"Pin me and pay me ....
but you'll never make me quit"
An analysis of Tom Zenk's Match History
July - December 1990
In first 4 months of 1990 (January to April), with a booking committee led by Ric Flair and Jim Cornette, Tom Zenk took to the ring in more than 70 singles and tag matches (with Brian Pillman) and was booked to lose only 5. In the remaining 8 months (from May to December 1990), with a booking committee presided over by Ole Anderson, Zenk wrestled around 65 matches, mainly against less talented workers and 'monster heels' - and was booked to lose more than 50%. Anderson's simple logic was "getting beat kills your career." But why did Anderson want to kill Zenk's career? ......
Anderson wanted to force out Zenk and the other young talent contracted by Jim Herd (Executive VP, NWA).

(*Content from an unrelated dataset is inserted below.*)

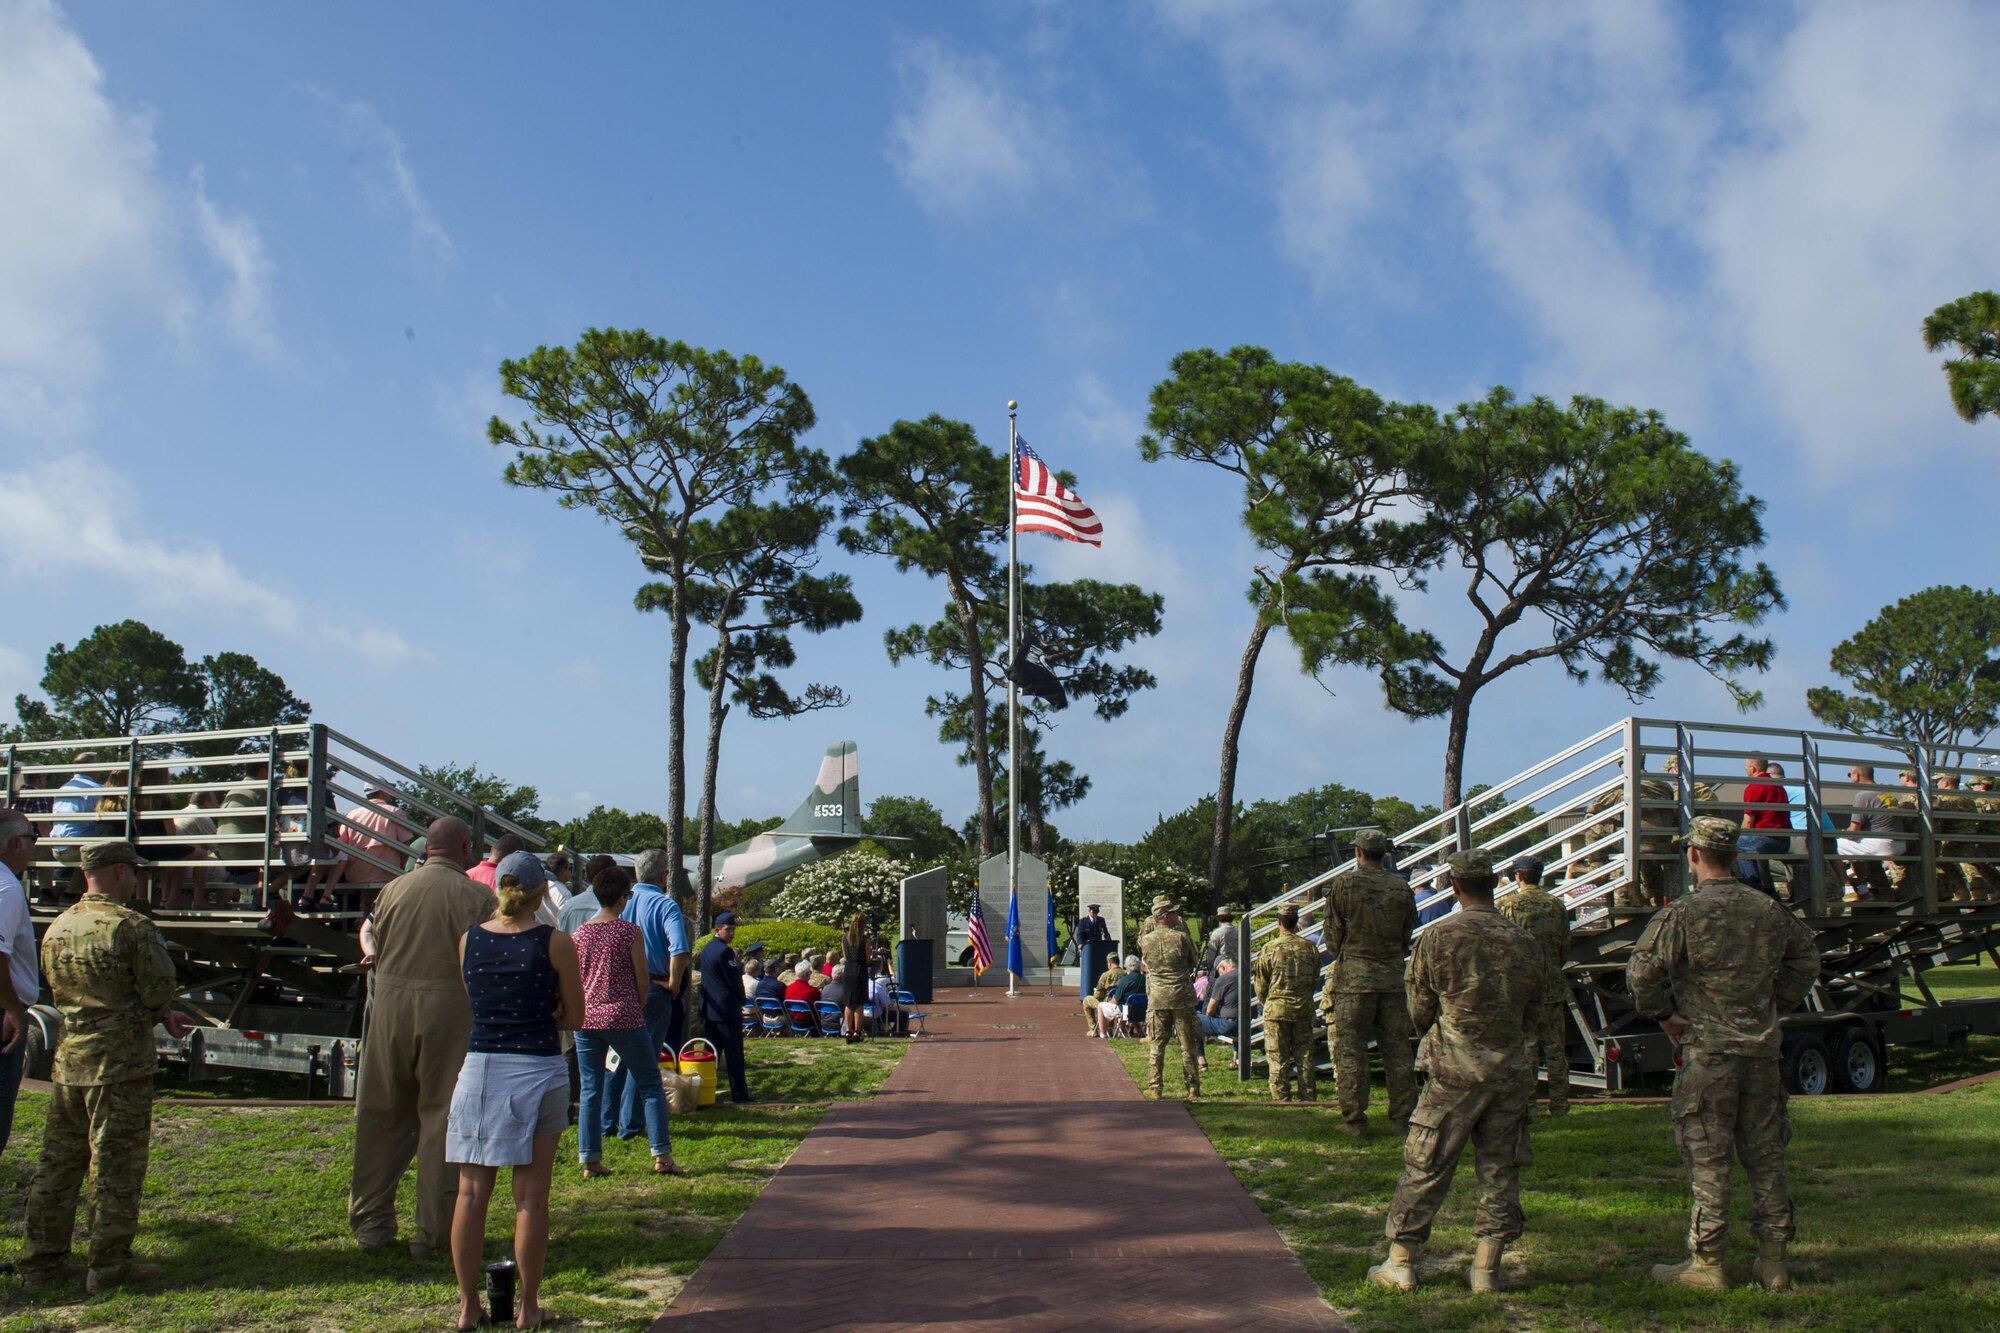 Air Commandos attend the Operation Eagle Claw memorial ceremony at Hurlburt Field, Fla., June 23, 2017. Operation Eagle Claw was an attempted hostage-rescue mission in 1980 that resulted in five, 8th Special Operations Squadron Airmen and three Marines sacrificing their lives when two of the involved aircraft collided at the Desert One staging site. (U.S. Air Force photo by Airman 1st Class Joseph Pick)
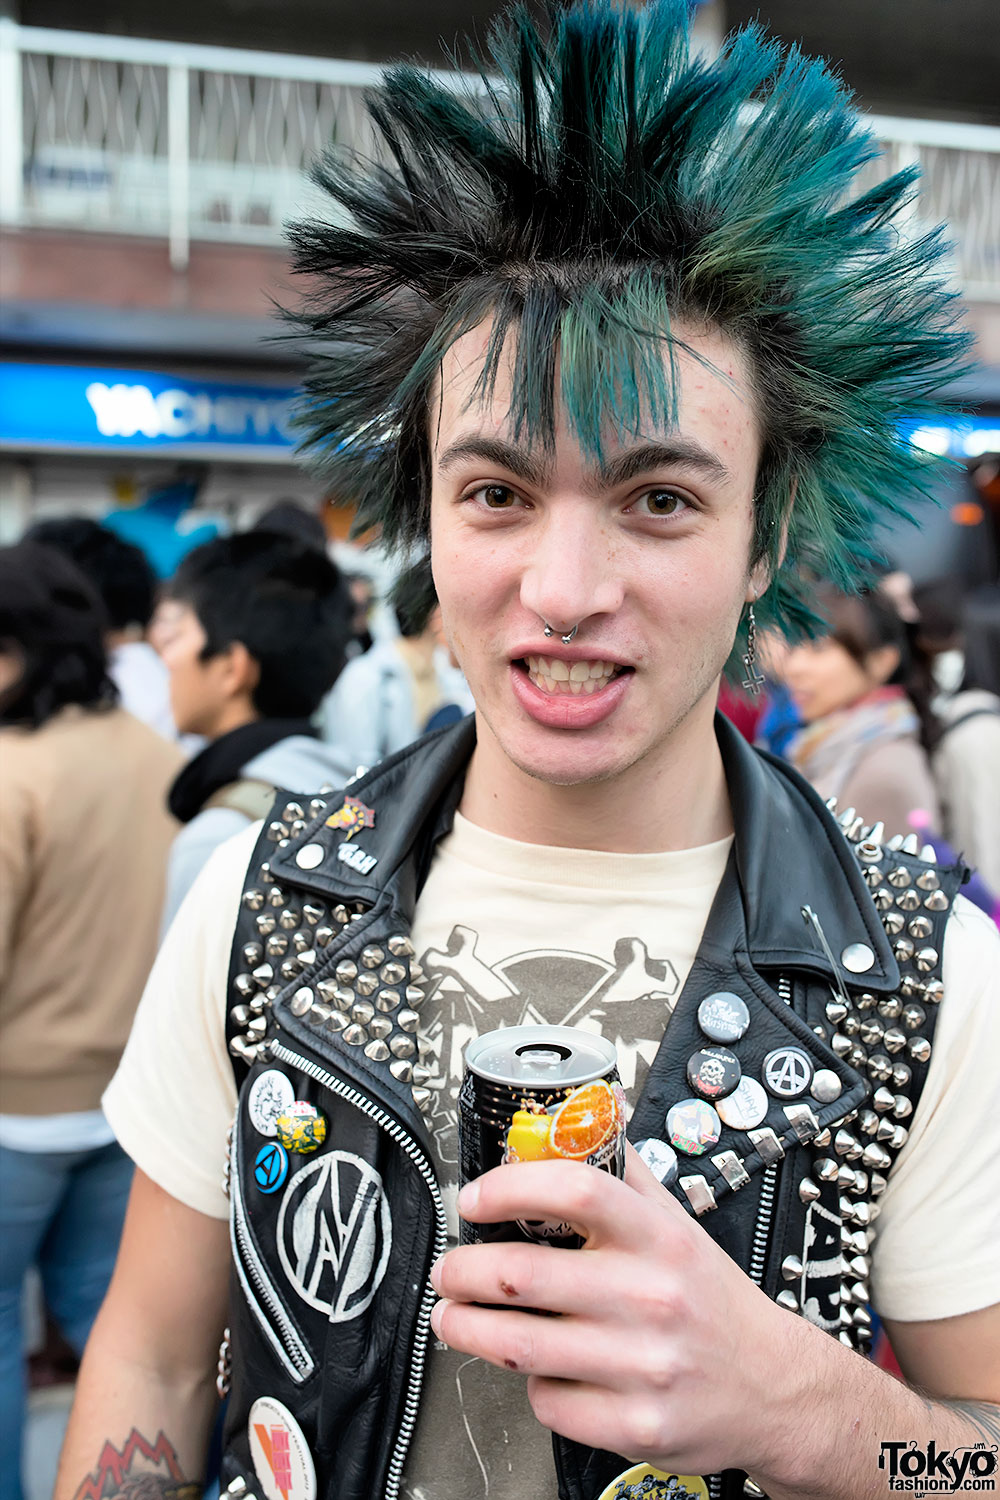 Green Spiked Punk Hairstyle & Leather – Tokyo Fashion News

Anderson planned to replace them with ring veterans (guys who 'owed' Ole) plus 'green and cheap' workers recruited on a limited or no contract basis.
The Observer (8/13/1990) confirmed that, under Anderson, there would be "no more guaranteed money contracts for wrestlers when the current pacts expire, sometime next spring or summer.... Without guaranteed money contracts and being paid on the houses ...all but a few wrestlers would probably want to make the switch [to Titan]. I expect early next year that some of the guys under contract will be phased down and out while greener and cheaper talent will be brought in for the same spots. In fact one could make that assumption just looking at the 9/5 Clash line up." The Clash of Champions XII card included new and cheap talent in almost all the main event matches.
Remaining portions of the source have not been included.